Dynamitec @ Sat Jan 24 said:


> Hi Nils,
> 
> it's been a while since my last request (i know you have very little time these days).
> But i could really need a small change in the editor, that could save a lot of time.
> ...



dsfakfadfjdfj, adfjjafgi, fgkkgkkgk..... .

Oops,

I would be sooo happy if I would understand only 1% here... . :mrgreen:


----------



## Dynamitec (Jan 24, 2009)

Hehe  Those requests are a act of desperation to minimize code duplications in the daily live of a KSP programmer. I'm pretty sure Nils understand those request but I'm pretty sure he is also swamped with work, too!


----------



## Dynamitec (Jan 24, 2009)

As an alternative I would be happy to see some kind of plugin ability for your editor. Where you could enter a program which is called before your editor starts the compilation process (with a fixed input / output scheme).

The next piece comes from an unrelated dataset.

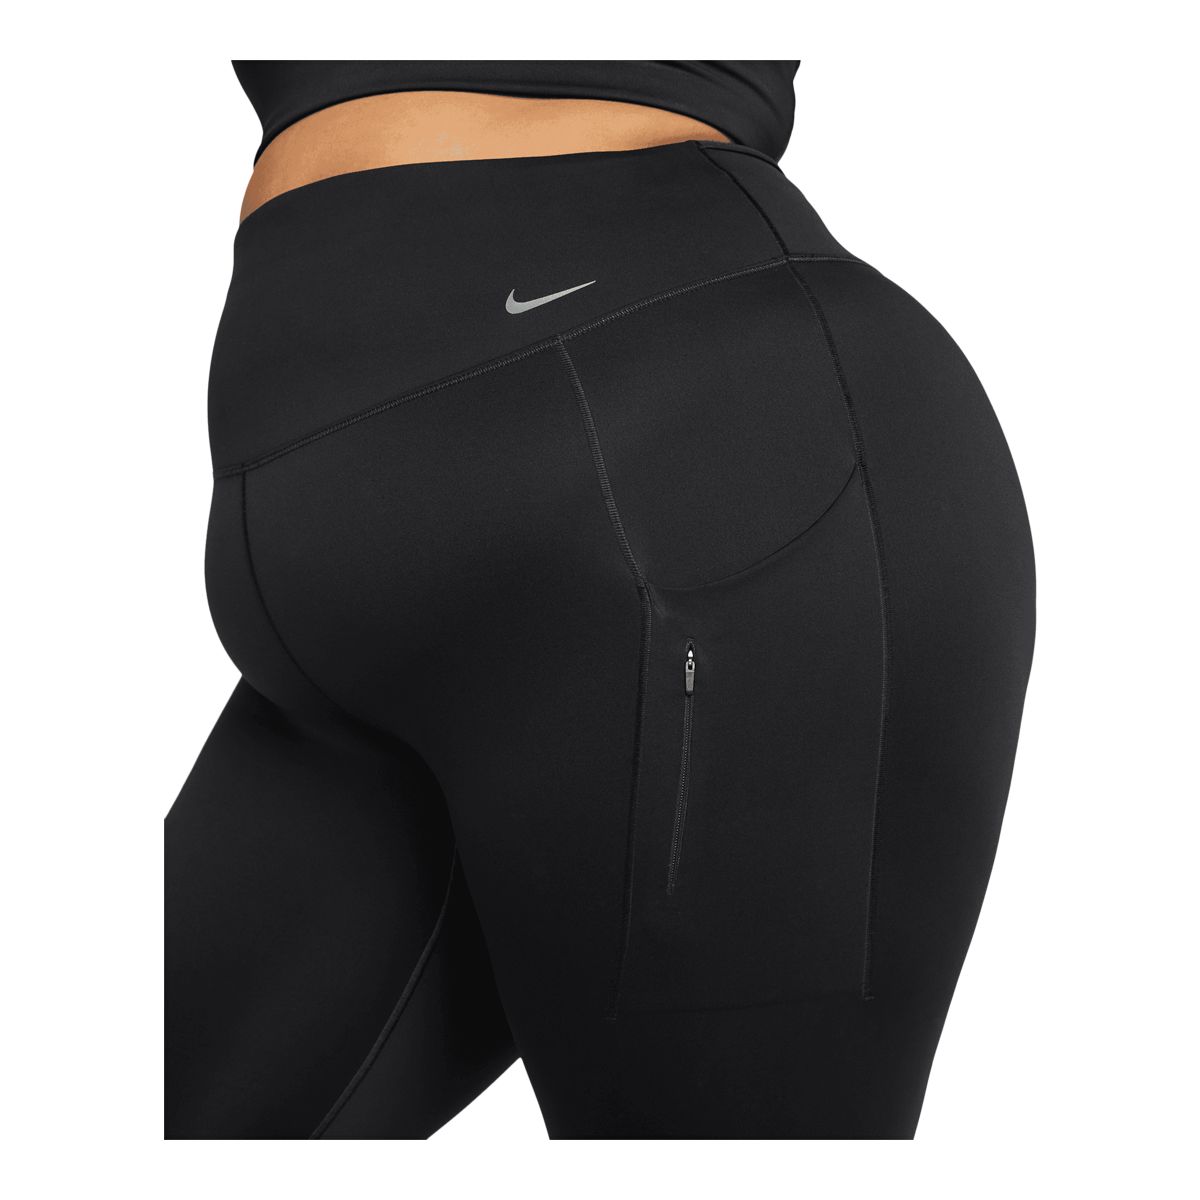 Nike Pants Womens 1X Plus Black Orange Air 7/8 Leggings Running Yoga New  768

For example: "plugin.exe BeforeCompilation.txt AfterPlugin.txt" where your editor creates the first file and uses the second one for compilation. And plugin.exe needs to be in the program directory of your editor.

This way i would be happy to im write some additions to your editor and make them available for those who also could need them. I have some spare time at night i need to fill


----------



## germancomponist (Jan 24, 2009)

It could be true that I need your help very soon!


----------



## kotori (Jan 24, 2009)

*Re: Small feature request for the KScript Editor*

Hi Benjamin,

Thanks for the suggestions. The tricky thing about preprocessing is that any extra preprocessing step would need to keep some meta-data about each line: line number, file name, and namespaces (this is used for compilation error reports), but if I cleared up the code a bit it would be possible to provide the possibility of writing preprocessor plugins. Furthermore, I'm not sure which line to report in case there is a compilation error due to a macro - the macro invocation line or the line inside the macro definition. If the macros are kept short it might make most sense to report the line where the macro is used.

Btw. is there any difference between inline replacement and multi-line replacement?
To me it seems that the use of a macro would mostly be to facilitate variable declarations since declarations using function parameters is something that is currently not supported. But if you do the declaration explicitly you can still use a function to do all the initialization, right? So I wonder if it's really that useful. Couldn't one save a lot of lines by using initialization functions? Could you try to convince me.

The rename and inline replacement seems to be essentially the same thing (to me "define" seems like a better word than "with" btw).

Another question is whether macros should be allowed to be nested and whether the same namespace rules should apply to them as to functions (eg. should an imported macro be used like imported_file.mymacro or mymacro). 

Will think a bit more about this.

/Nils


----------



## Dynamitec (Jan 24, 2009)

*Re: Small feature request for the KScript Editor*

Hi Nils,

maybe i should explain a little bit more how i intend to save time with the suggestions i made. First of all: Kontakt 3.5 is about to release and hopefully there will be a new Player version released soon, too. The PGS callback thing has proven to be very useful to keep scripts small and much easier to handle by using one slot of the UI and the other slots for the control of the instrument / notes / releases etc. 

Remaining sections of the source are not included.